A list of DatasetRef instances that already exist in this SqlRegistry.

remove : bool

If True, remove Datasets from the SqlRegistry if they are not associated with any collection (including via any composites).

Returns:
removed : list of DatasetRef

If remove is True, the list of DatasetRefs that were removed.

ensureRun(run)

Conditionally add a new Run to the SqlRegistry.

If the run.id is None or a Run with this id doesn’t exist in the Registry yet, add it. Otherwise, ensure the provided run is identical to the one already in the registry.

Parameters:
run : Run

Instance to add to the SqlRegistry.

Raises:
ValueError

If run already exists, but is not identical.

export(expr)

Export contents of the SqlRegistry, limited to those reachable from the Datasets identified by the expression expr, into a TableSet format such that it can be imported into a different database.

Parameters:
expr : str

An expression (SQL query that evaluates to a list of Dataset primary keys) that selects the Datasets, or a `QuantumGraph that can be similarly interpreted.

Returns:
ts : TableSet

Containing all rows, from all tables in the SqlRegistry that are reachable from the selected Datasets.

find(collection, datasetType, dataId)

Lookup a dataset.

This can be used to obtain a DatasetRef that permits the dataset to be read from a Datastore.

Parameters:
collection : str

Identifies the collection to search.

datasetType : DatasetType

The DatasetType.

dataId : dict

A dict of DataUnit link name, value pairs that label the DatasetRef within a collection.

Returns:
ref : DatasetRef

A ref to the Dataset, or None if no matching Dataset was found.

Raises:
ValueError

If dataId is invalid.

findDataUnitEntry(dataUnitName, value)

Return a DataUnit entry corresponding to a value.

Parameters:
dataUnitName : str

Name of a DataUnit

value : dict

A dictionary of values that uniquely identify the DataUnit.

Returns:
dataUnitEntry : dict

Dictionary with all DataUnit values, or None if no matching entry is found.
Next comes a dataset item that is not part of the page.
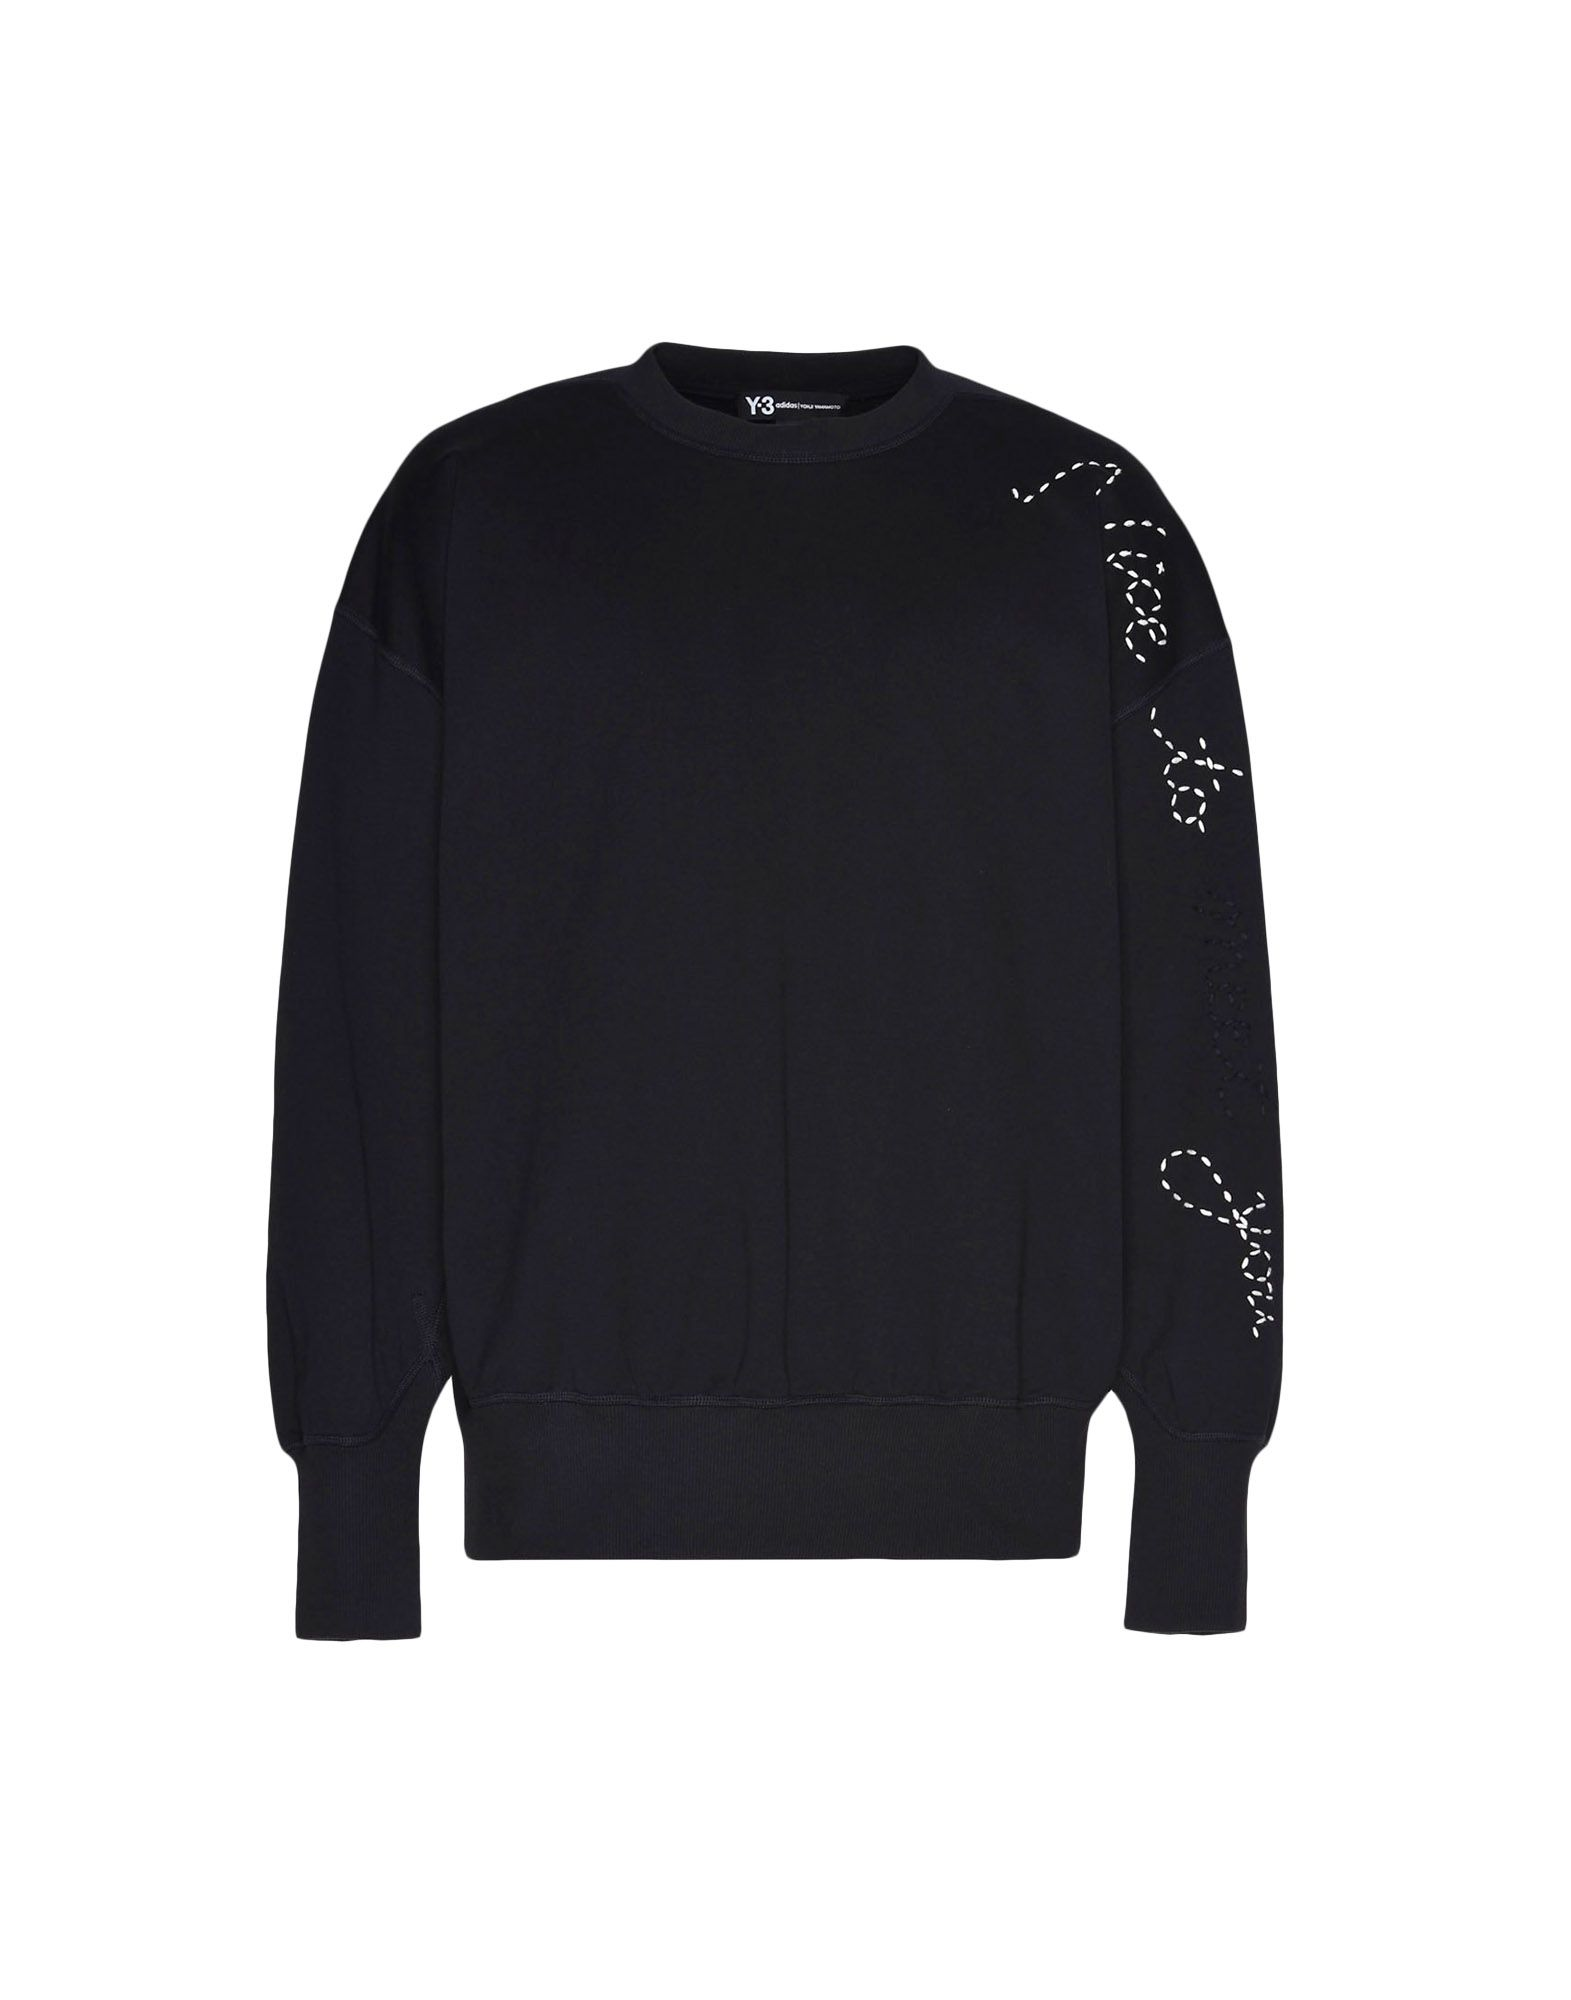 Y-3 Y-3 Sashiko Slogan Sweater Sweatshirt Man f

getDataUnitDefinition(dataUnitName)

Return the definition of a DataUnit (an actual DataUnit object).

Parameters:
dataUnitName : str

Name of the DataUnit, e.g. “Camera”, “Tract”, etc.

getDataset(id)

Retrieve a Dataset entry.

Parameters:
id : int

The unique identifier for the Dataset.

Returns:
ref : DatasetRef

A ref to the Dataset, or None if no matching Dataset was found.

getDatasetLocations(ref)

Retrieve datastore locations for a given dataset.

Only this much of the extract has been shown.